The pathogenesis of SM centers on the cytoadherence of parasitized erythrocytes to the microvasculature. Metabolic abnormalities are common in SM, with hypoglycemia and hyperlactatemia among the most well-recognized metabolic changes. Acute kidney injury (AKI) is gaining broader recognition as a clinical complication in SM associated with metabolic abnormalities, mortality, and cognitive deficits [12, 13].

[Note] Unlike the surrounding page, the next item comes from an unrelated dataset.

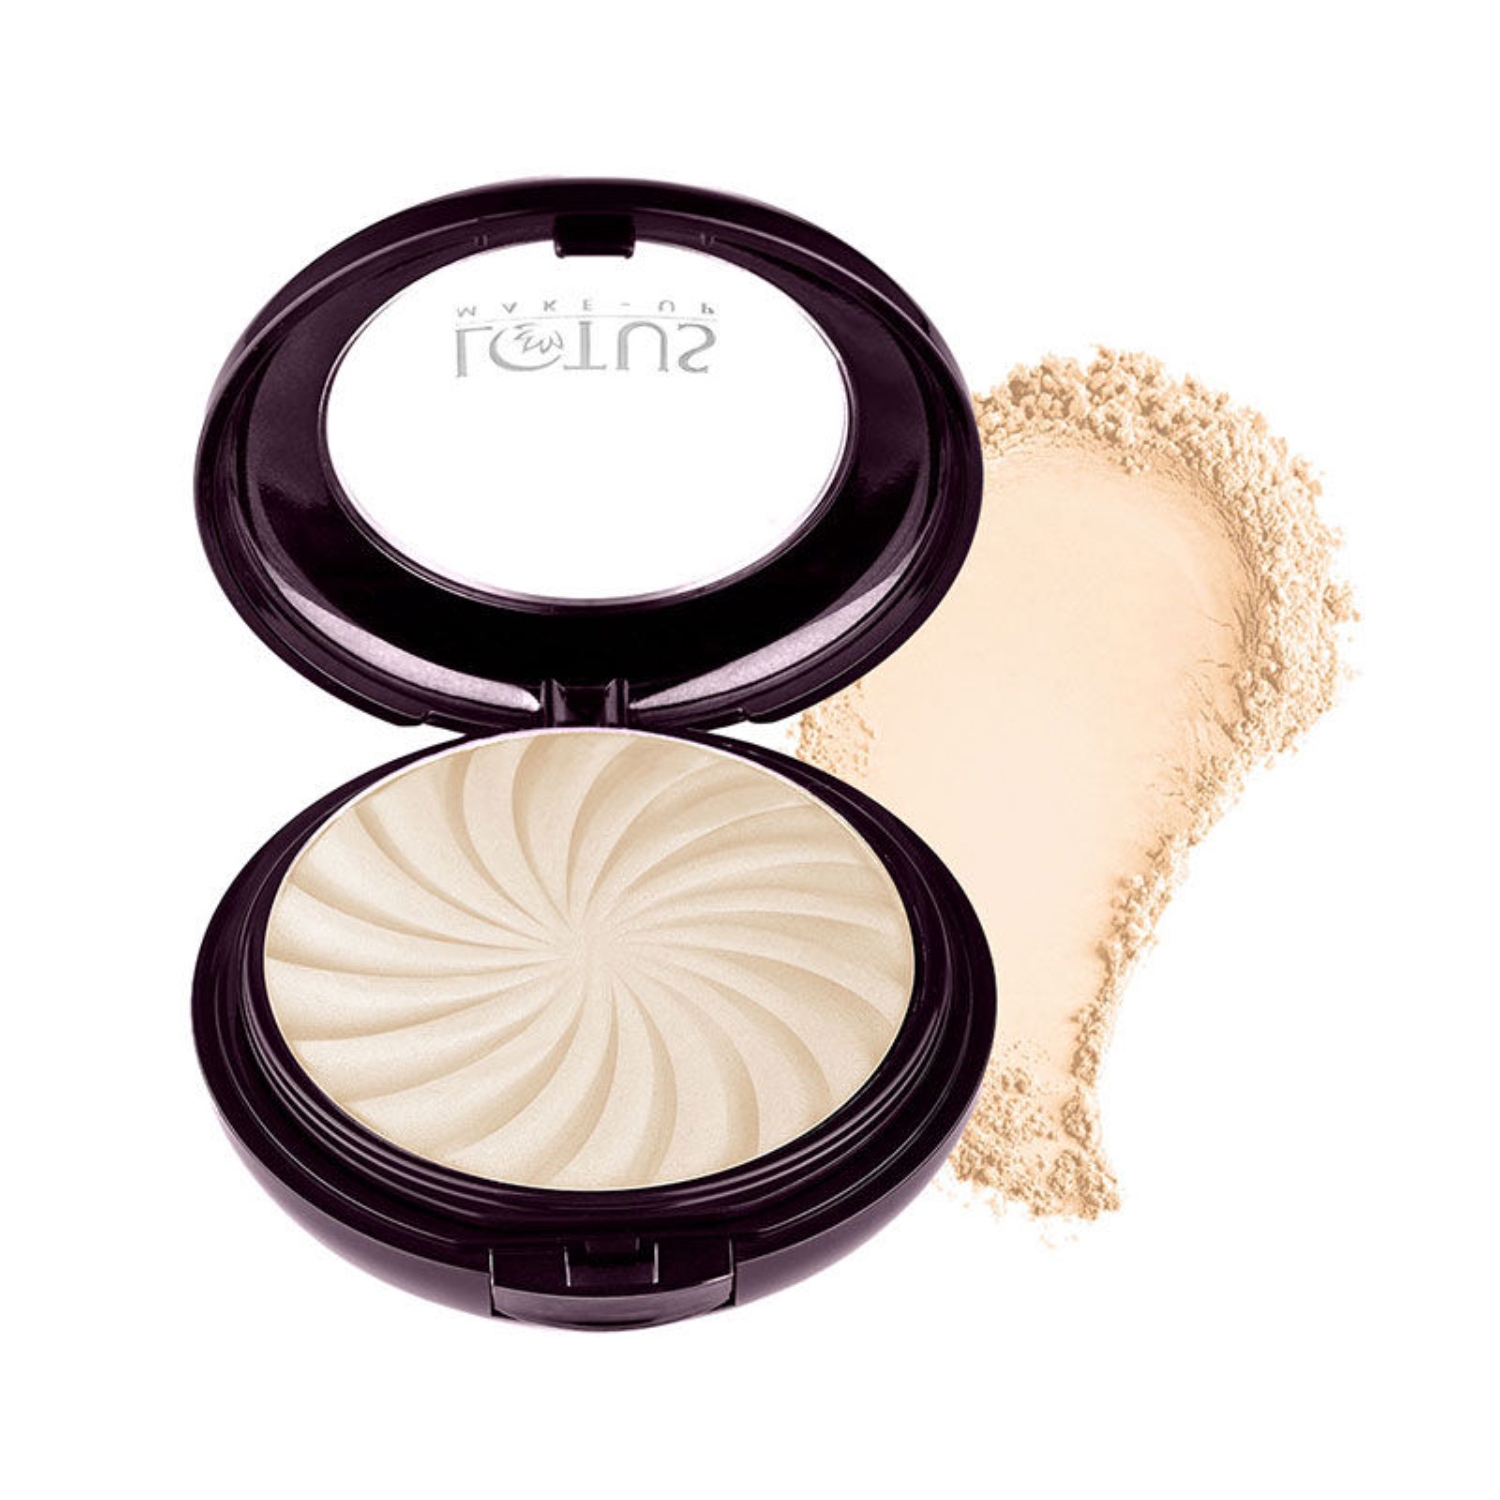 Lotus | Lotus Make -Up Proedit Silk Touch Perfecting Powder - SP01 Porcelain (10g)

Amino acids perform a myriad of functions acting as key metabolites for gene expression, cell signaling, vascular function, and neurotransmission (reviewed in [14]) in addition to protein synthesis. Free amino acids in the plasma (ie, the amino acid pool) reflect a fraction of the total free amino acid pool, and can be affected by dietary input, protein turnover, protein biosynthesis, interorgan exchange of amino acids, transamination reactions, and oxidation [15]. Free amino acids are taken up and exchanged by multiple organ systems, with the intestine, liver, muscles, and kidney playing substantial roles in amino acid metabolism [16]. Amino acids are dynamically regulated through tightly controlled processes [15] affected in physiologic states of stress and infection [17, 18]. Most studies evaluating amino acid changes in SM focused on populations with neurologic complications [19–24], with phenylalanine consistently elevated in SM [20, 25, 26]. Differences in global patterns of plasma amino acid concentrations have been reported in adults [26] and children [19] with SM, but it is unclear whether this reflects limitations in sample size, study design, or age-related differences in SM pathogenesis.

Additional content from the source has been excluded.